THE Shanghai Shipping Exchange (SSE) has launched a Belt and Road trade index, a Belt and Road freight volume index, and a Maritime Silk Road freight index, to track freight trade data generated by the countries involved in the massive transport infrastructure development initiative.
Tom Miller, author of the just published, China's Asian Dream: Empire Building along the New Silk Road, believes shipping will benefit enormously from the One Belt One Road initiative (OBOR) despite increased spending on rail freight infrastructure, reported Splash 24/7.
"I don't see a big shift to overland freight," said Mr Miller. "Conventional shipping is cheaper and most consumer goods do not need to be delivered in two weeks. The volumes will grow as more rail routes and services are added, but it's not realistic to expect overland freight to account for more than few per cent of overall freight volumes."

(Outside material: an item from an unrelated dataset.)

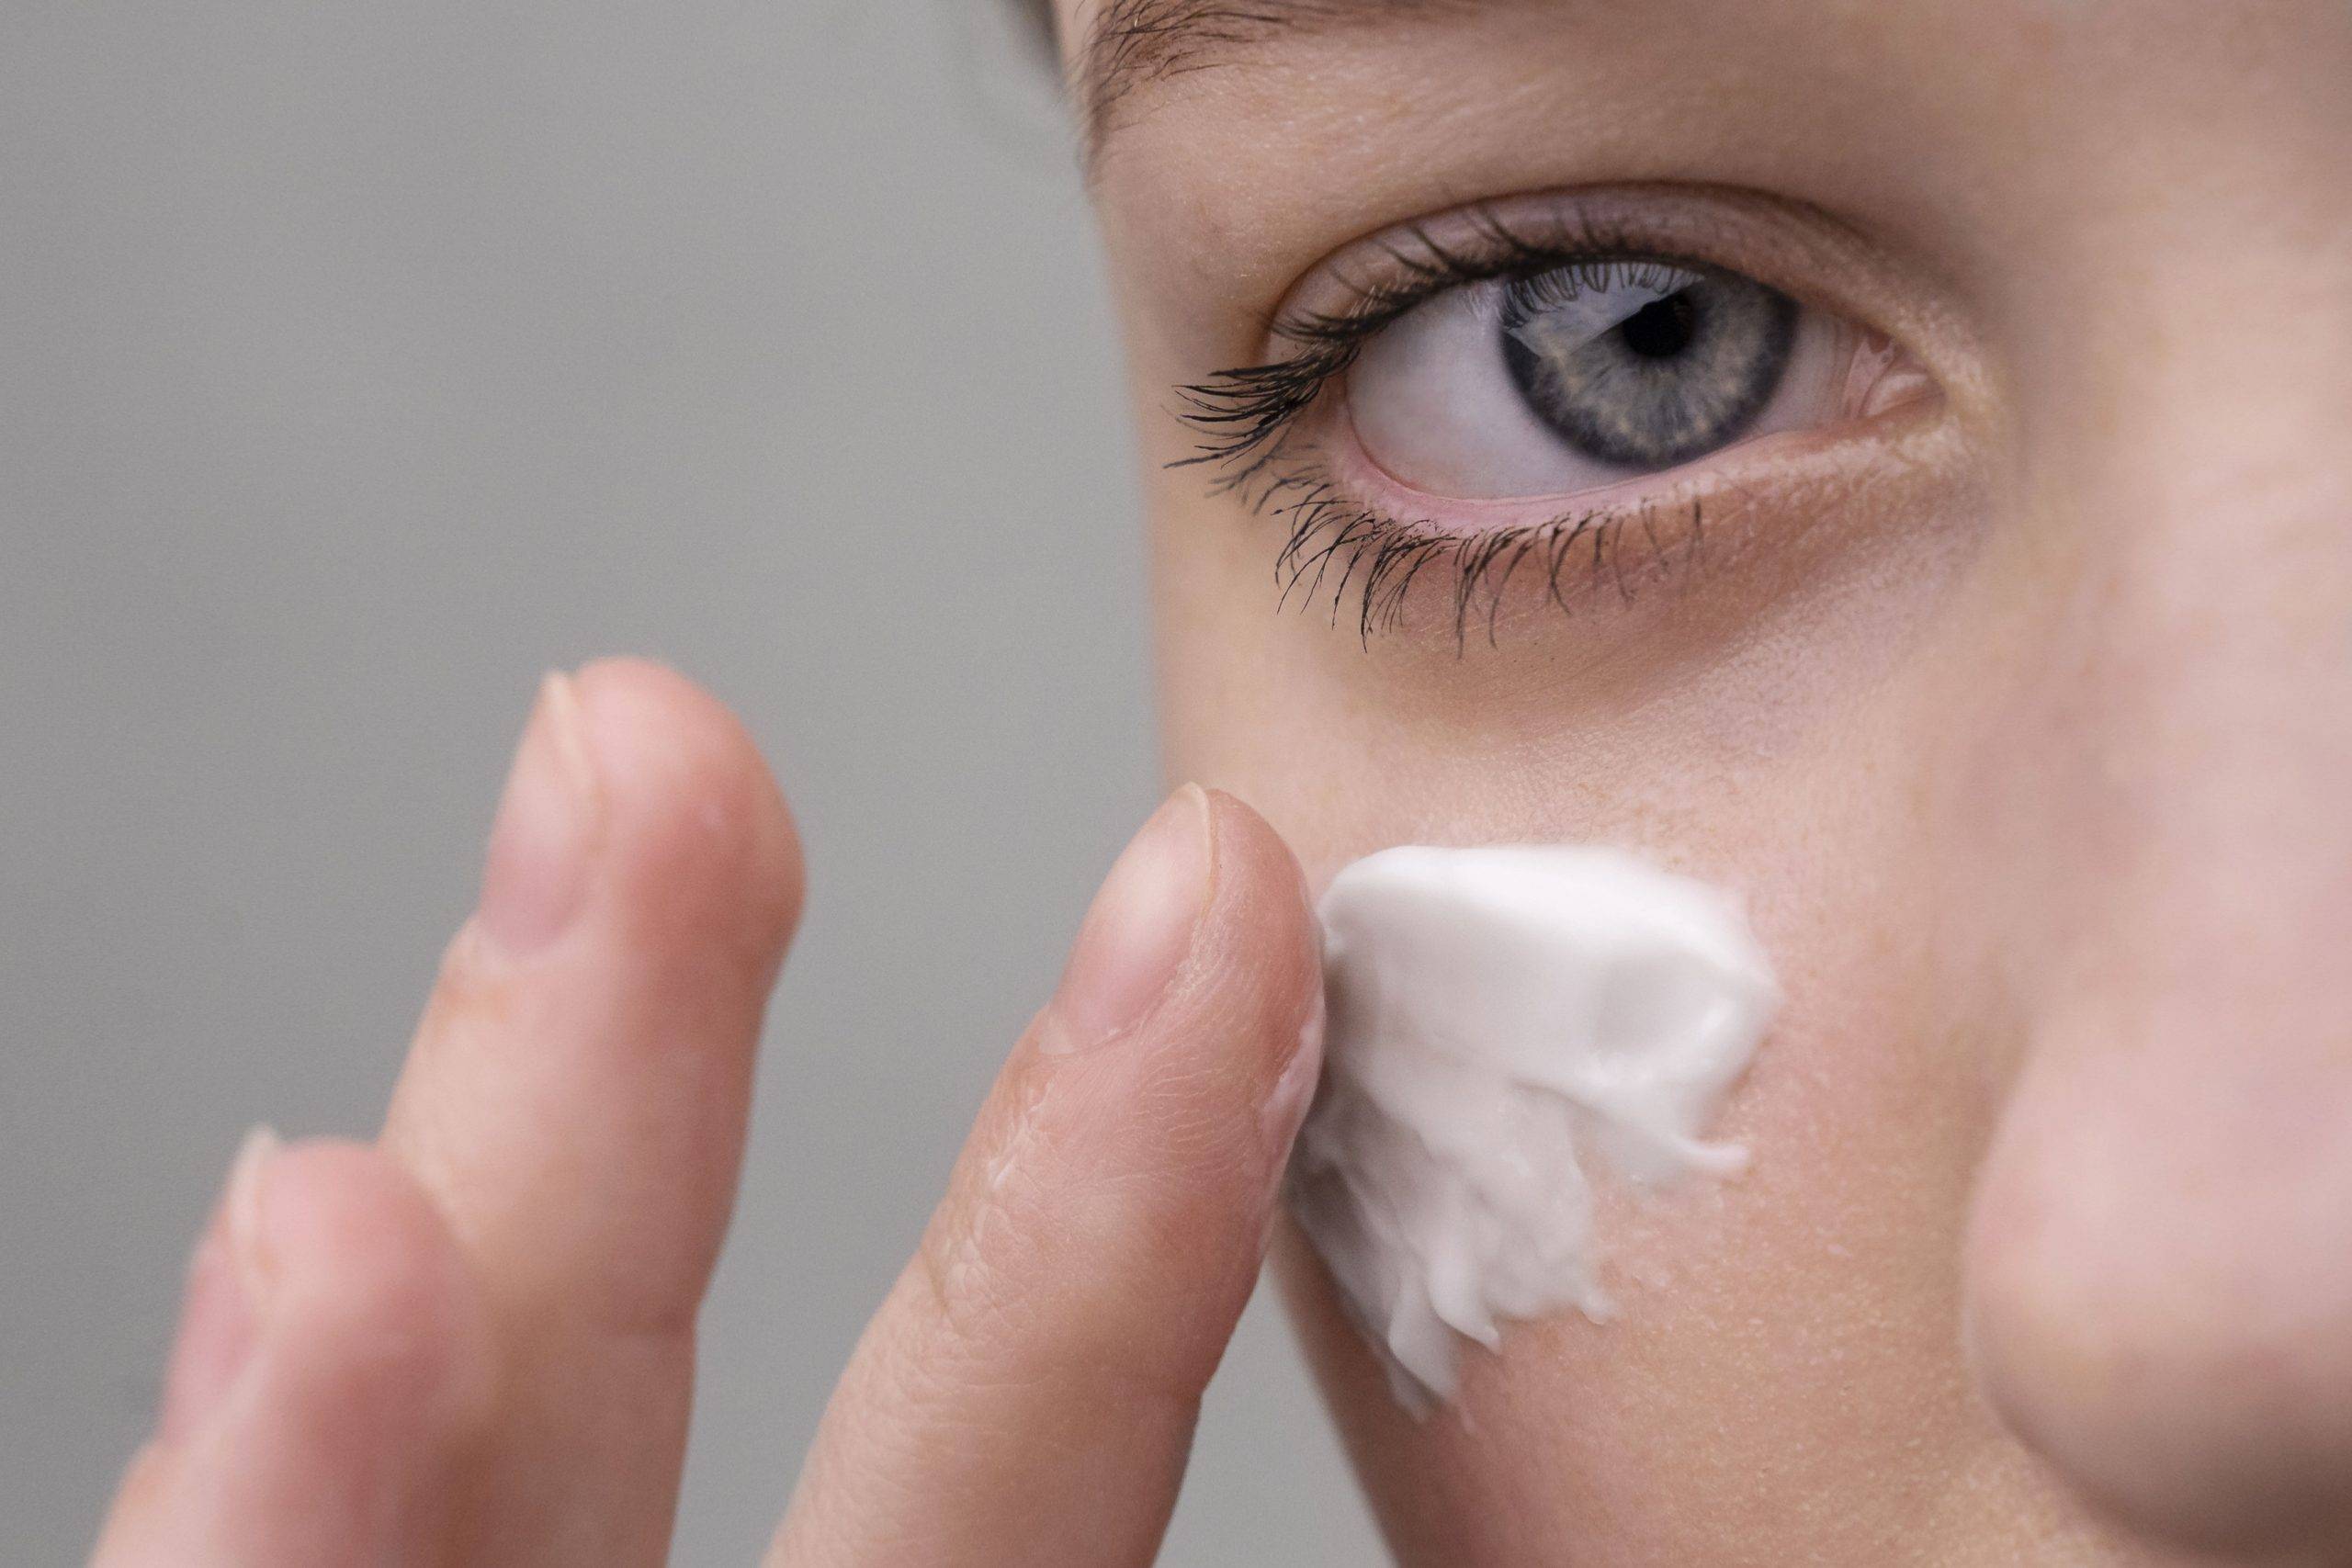 6 Eye Cream Mengandung Retinol, Bisa Dicoba untuk Usia 40an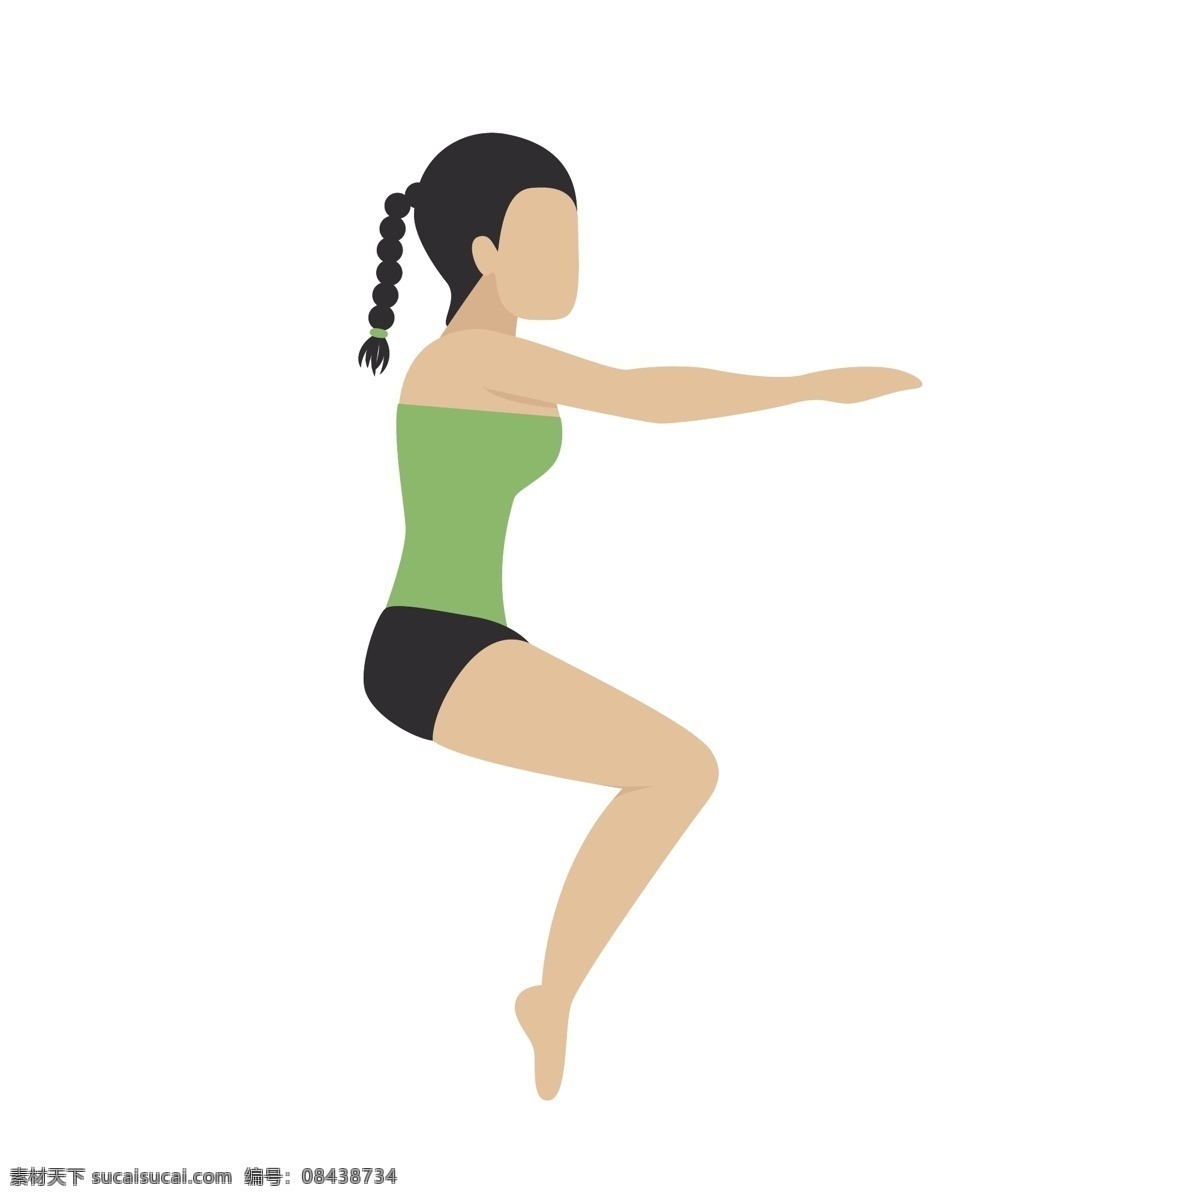 瑜伽 蹲 式 姿势 矢量 瑜伽姿势 瑜伽动作 动作姿势 卡通 卡通瑜伽 卡通女人 瑜伽女人 瑜伽运动 体育运动

Chairman of BW Group Andreas Sohmen-Pao agrees the OBOR project will be a massive boon for shipping.
Speaking at a seminar at Nor-Shipping in Oslo last month, Mr Sohmen-Pao said OBOR covers an area that constitutes two-thirds of the world's population and one-third of world GDP.
The BW chairman said that in the last two years China had signed 26 trade agreements, creating 56 new economic trading zones in 21 nations, and predicts the figures will double within a couple of years.